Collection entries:

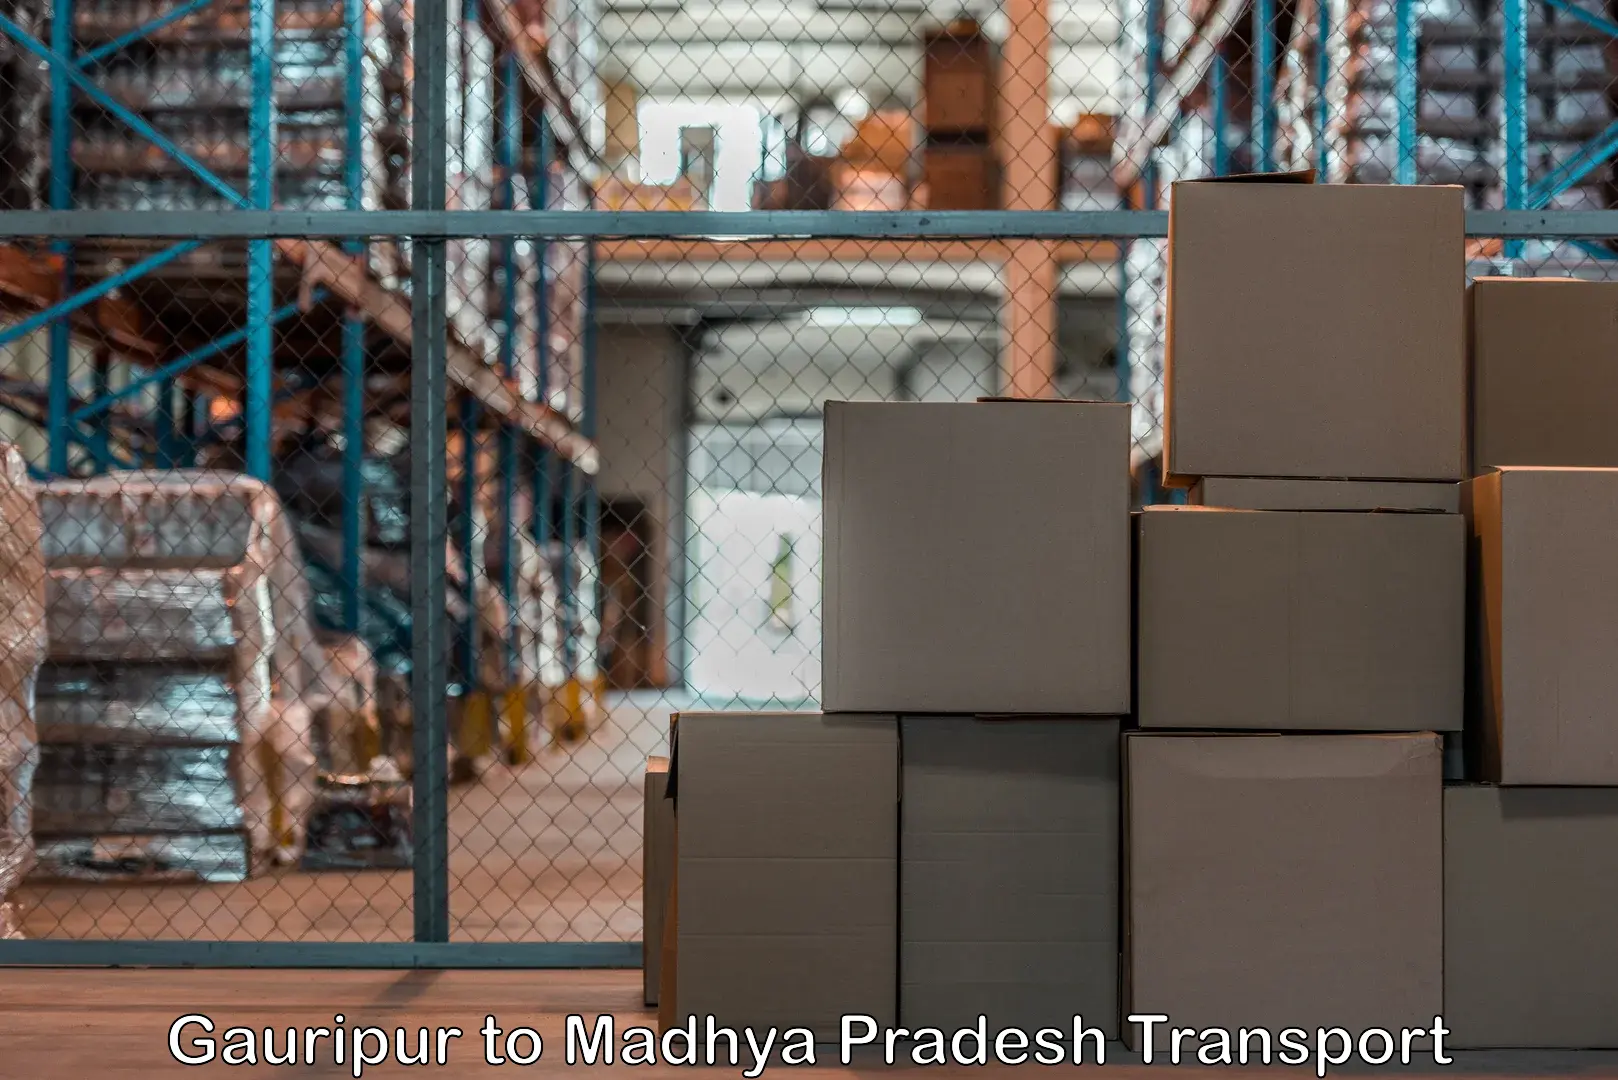 Goods delivery service Gauripur to Niwari
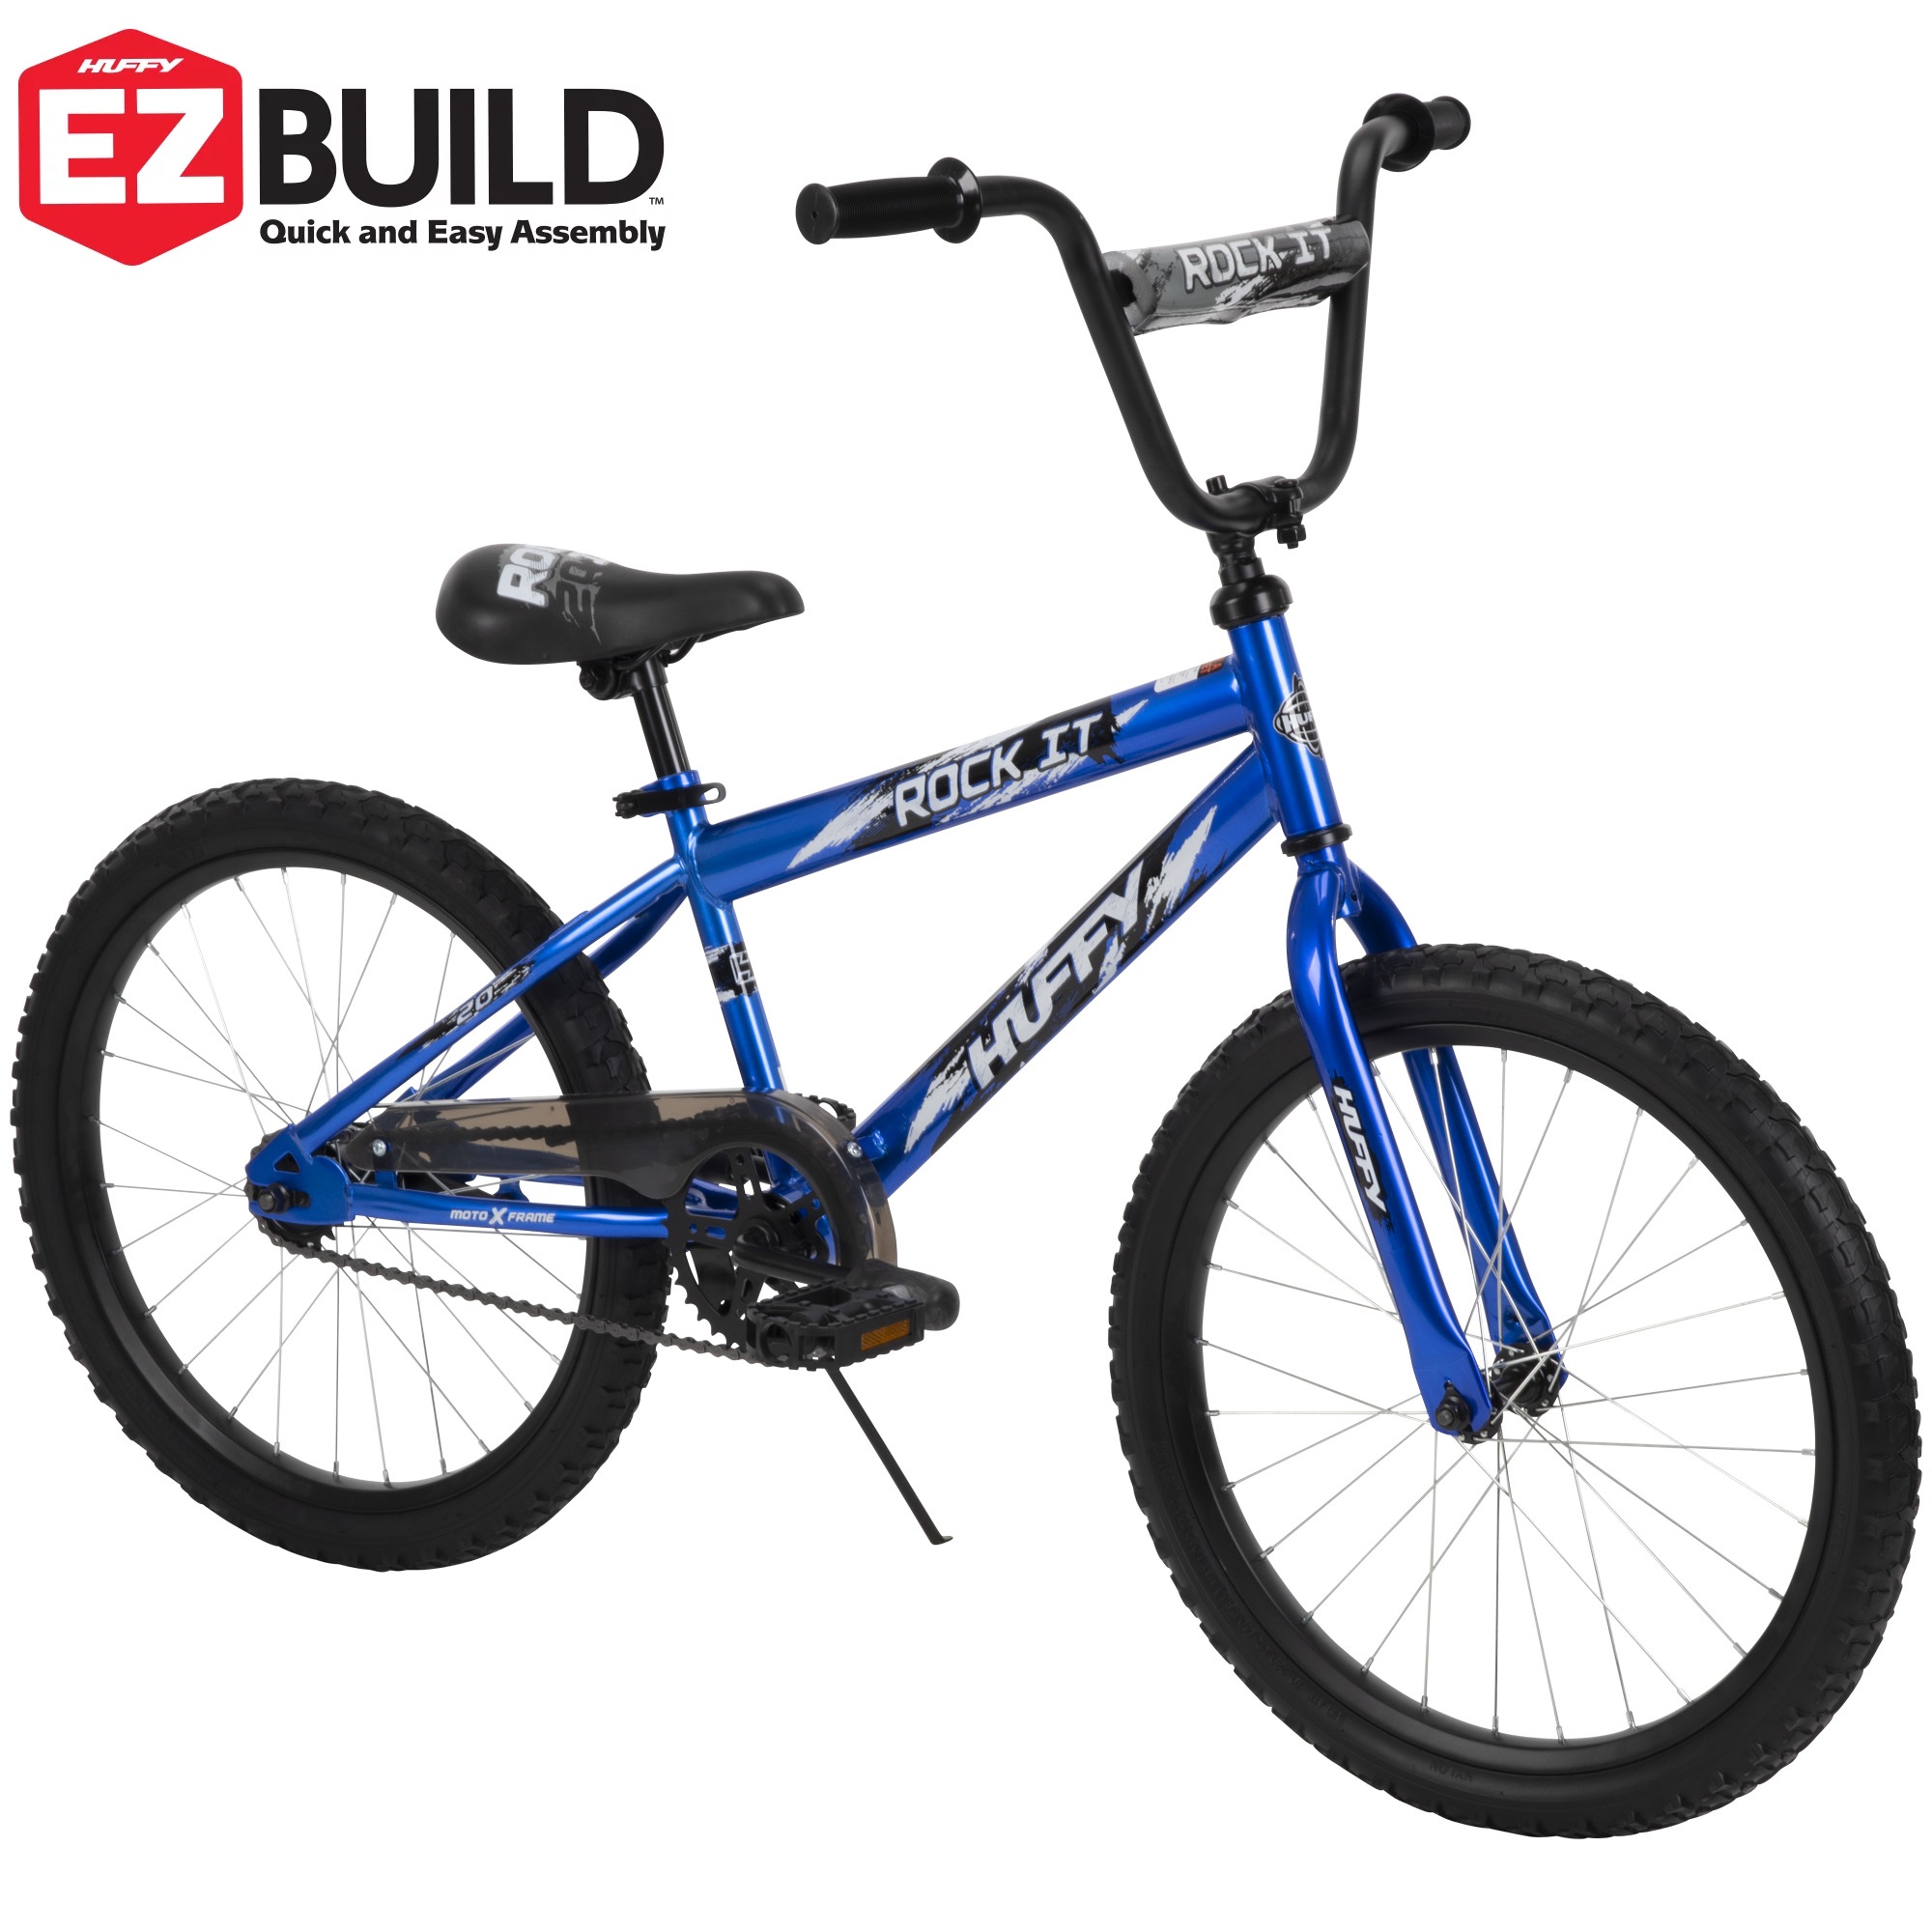 Huffy 20 in. Rock It Kids Bike for Boys Ages 5 and up, Child, Royal Blue - image 5 of 11
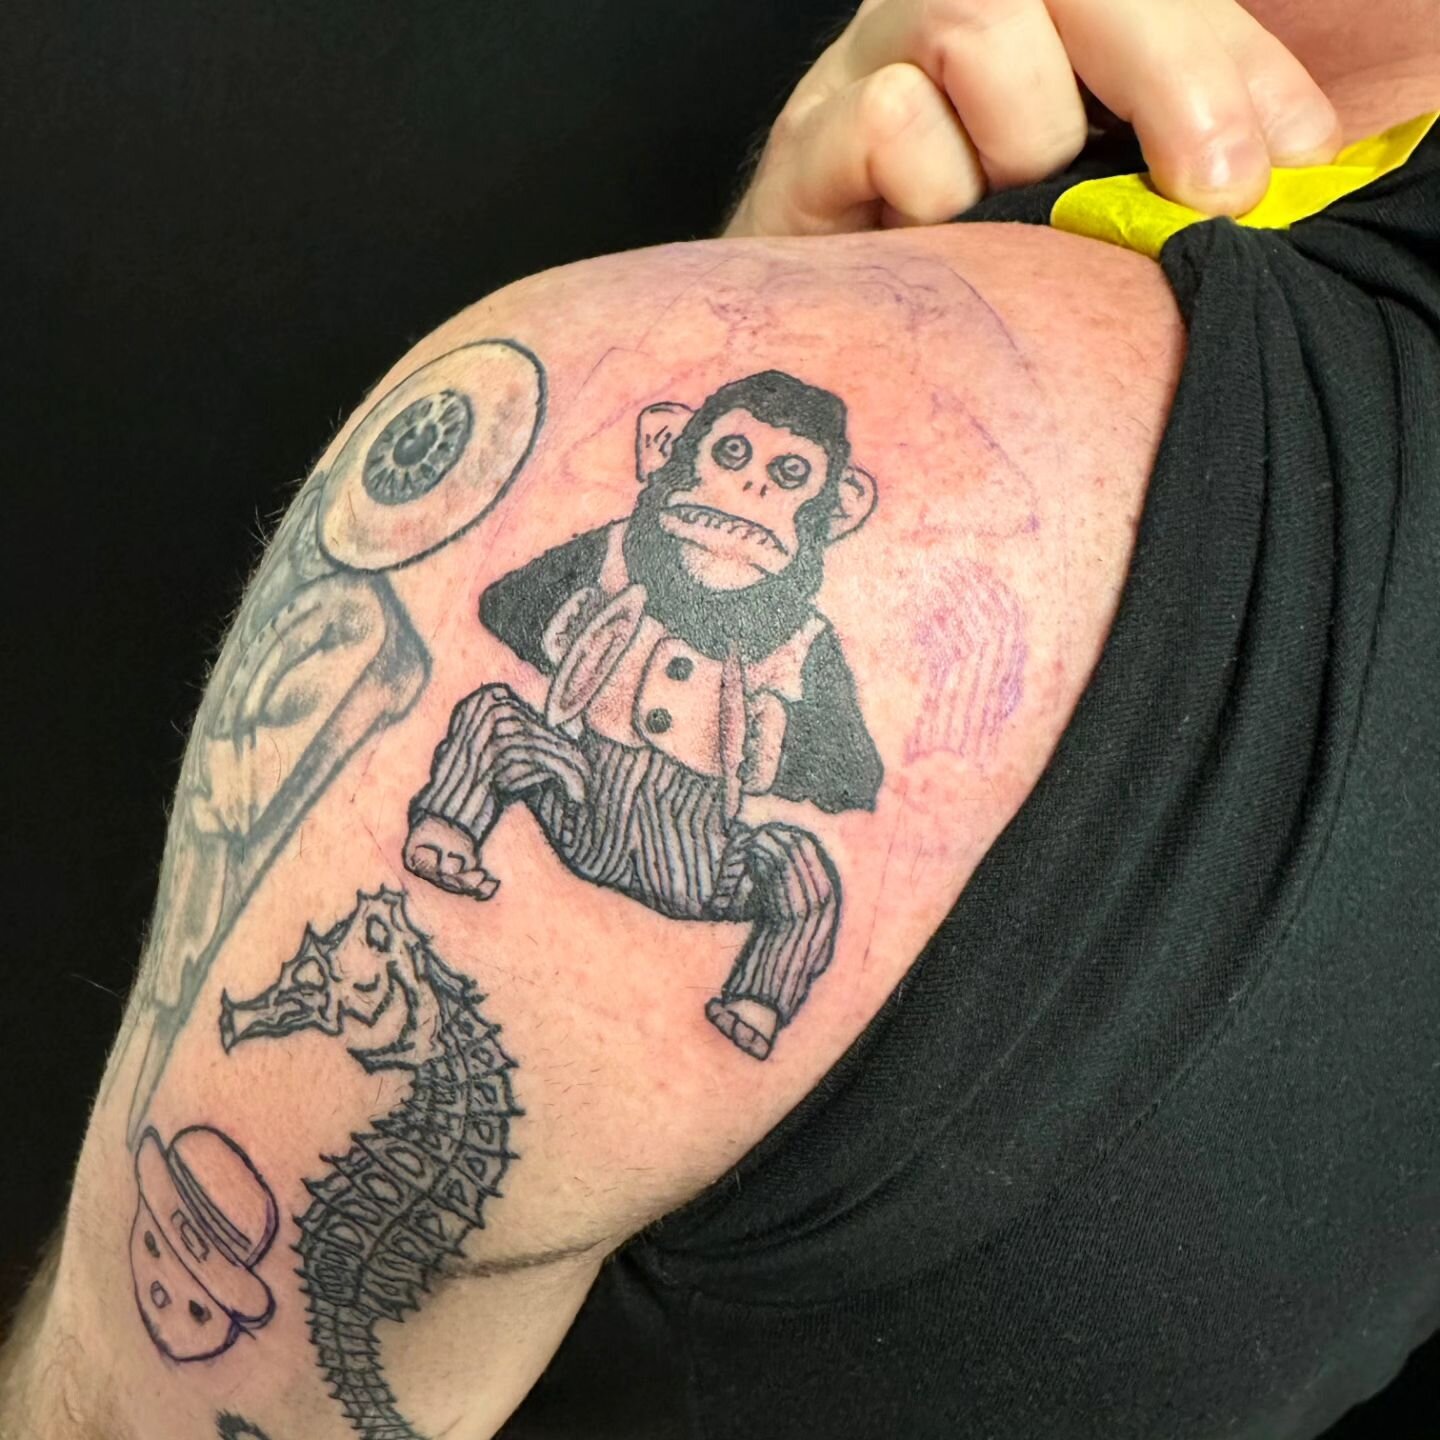 This little chimp guy playing the symbols seems to be staring me down HARD like I owe him money... I don't, by the way, I don't borrow from poor hard working apes. 😍
.
.
Follow @rogue_tattoopgh
.

.
.
.
.
.
.
.
.

#412 #tattooflash #pittsburghartist

◆ **What is required**: The reply should hold only the lines from the first line of the records above through the line containing "Huffy 20 in.", copied exactly and without pictures.

◆ **Result for this task**:
 Goods delivery service Gauripur to Niwari
 Huffy 20 in. Rock It Kids Bike for Boys Ages 5 and up, Child, Royal Blue - image 5 of 11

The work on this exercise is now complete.